» **What needs to be done**
Copy the listing exactly as given. Omit every picture.
*** Opening of Exercise data ***
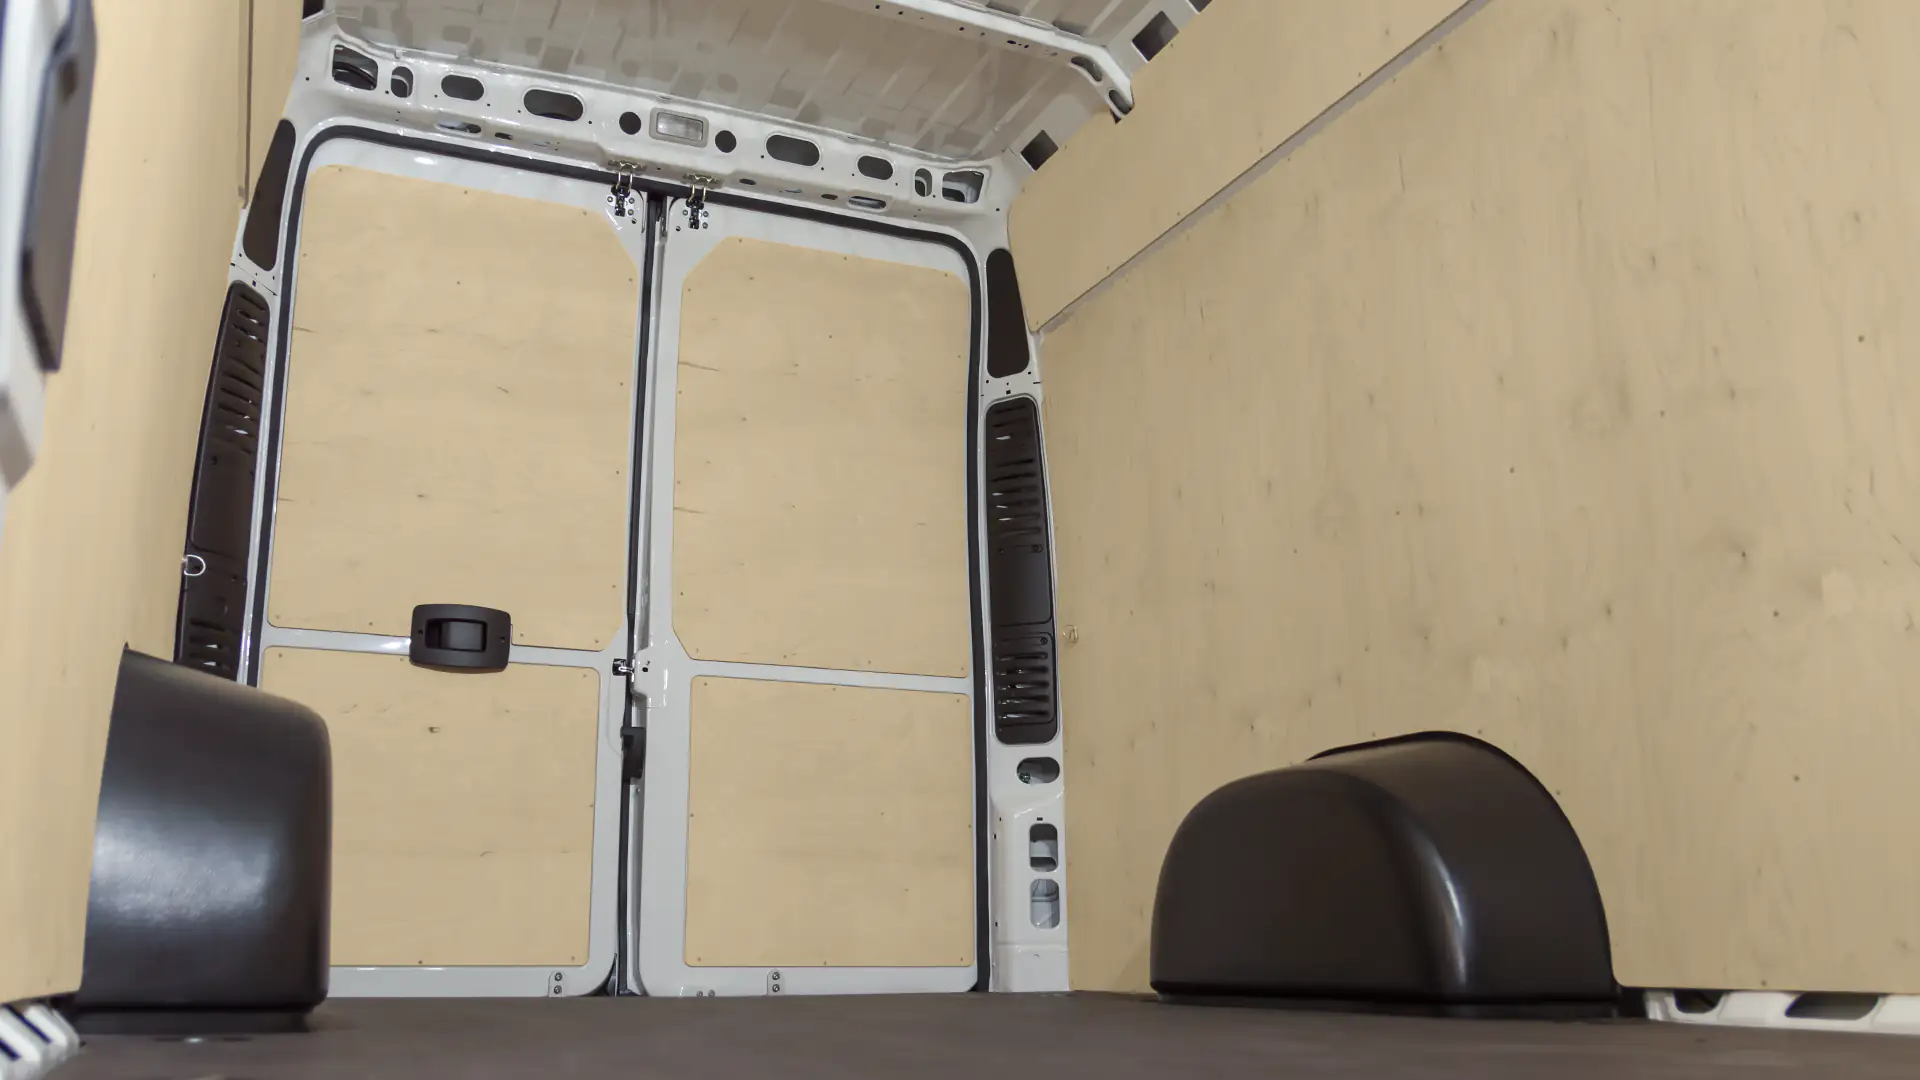 Zdjęcie zabudoway przestrzeni ładunkowej w samochodzie Iveco Daily.
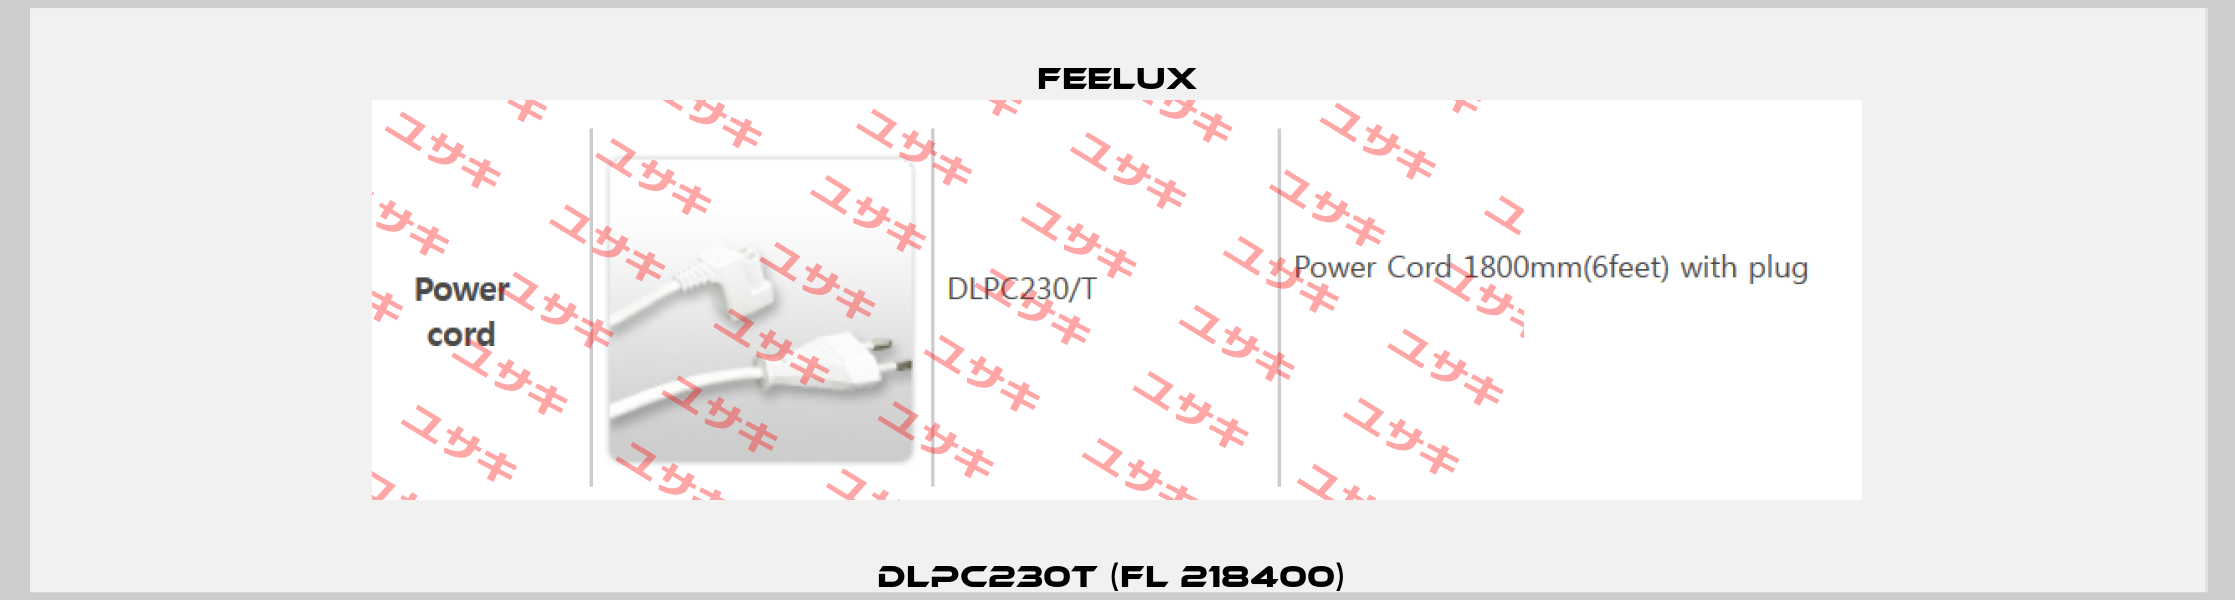 DLPC230T (FL 218400)  Feelux
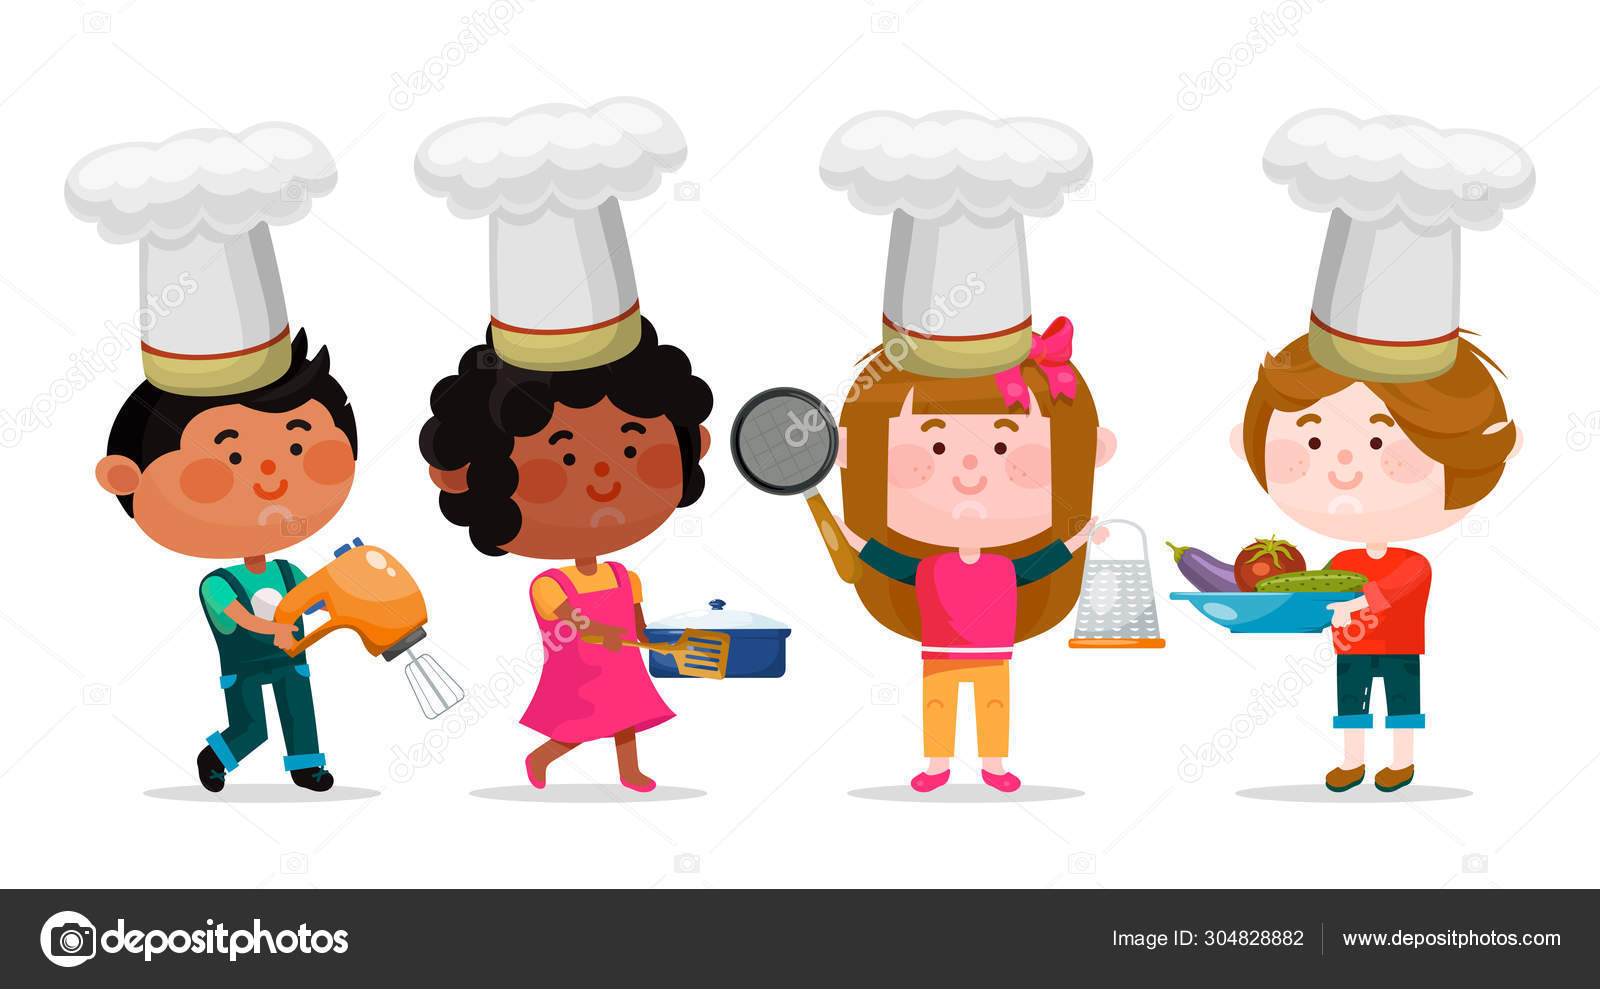 https://st4.depositphotos.com/10665628/30482/v/1600/depositphotos_304828882-stock-illustration-little-chefs-in-hats-set.jpg
*** Close of Exercise data ***
» **Your response**
 Zdjęcie zabudoway przestrzeni ładunkowej w samochodzie Iveco Daily.
 DLPC230T (FL 218400)  Feelux
 https://st4.depositphotos.com/10665628/30482/v/1600/depositphotos_304828882-stock-illustration-little-chefs-in-hats-set.jpg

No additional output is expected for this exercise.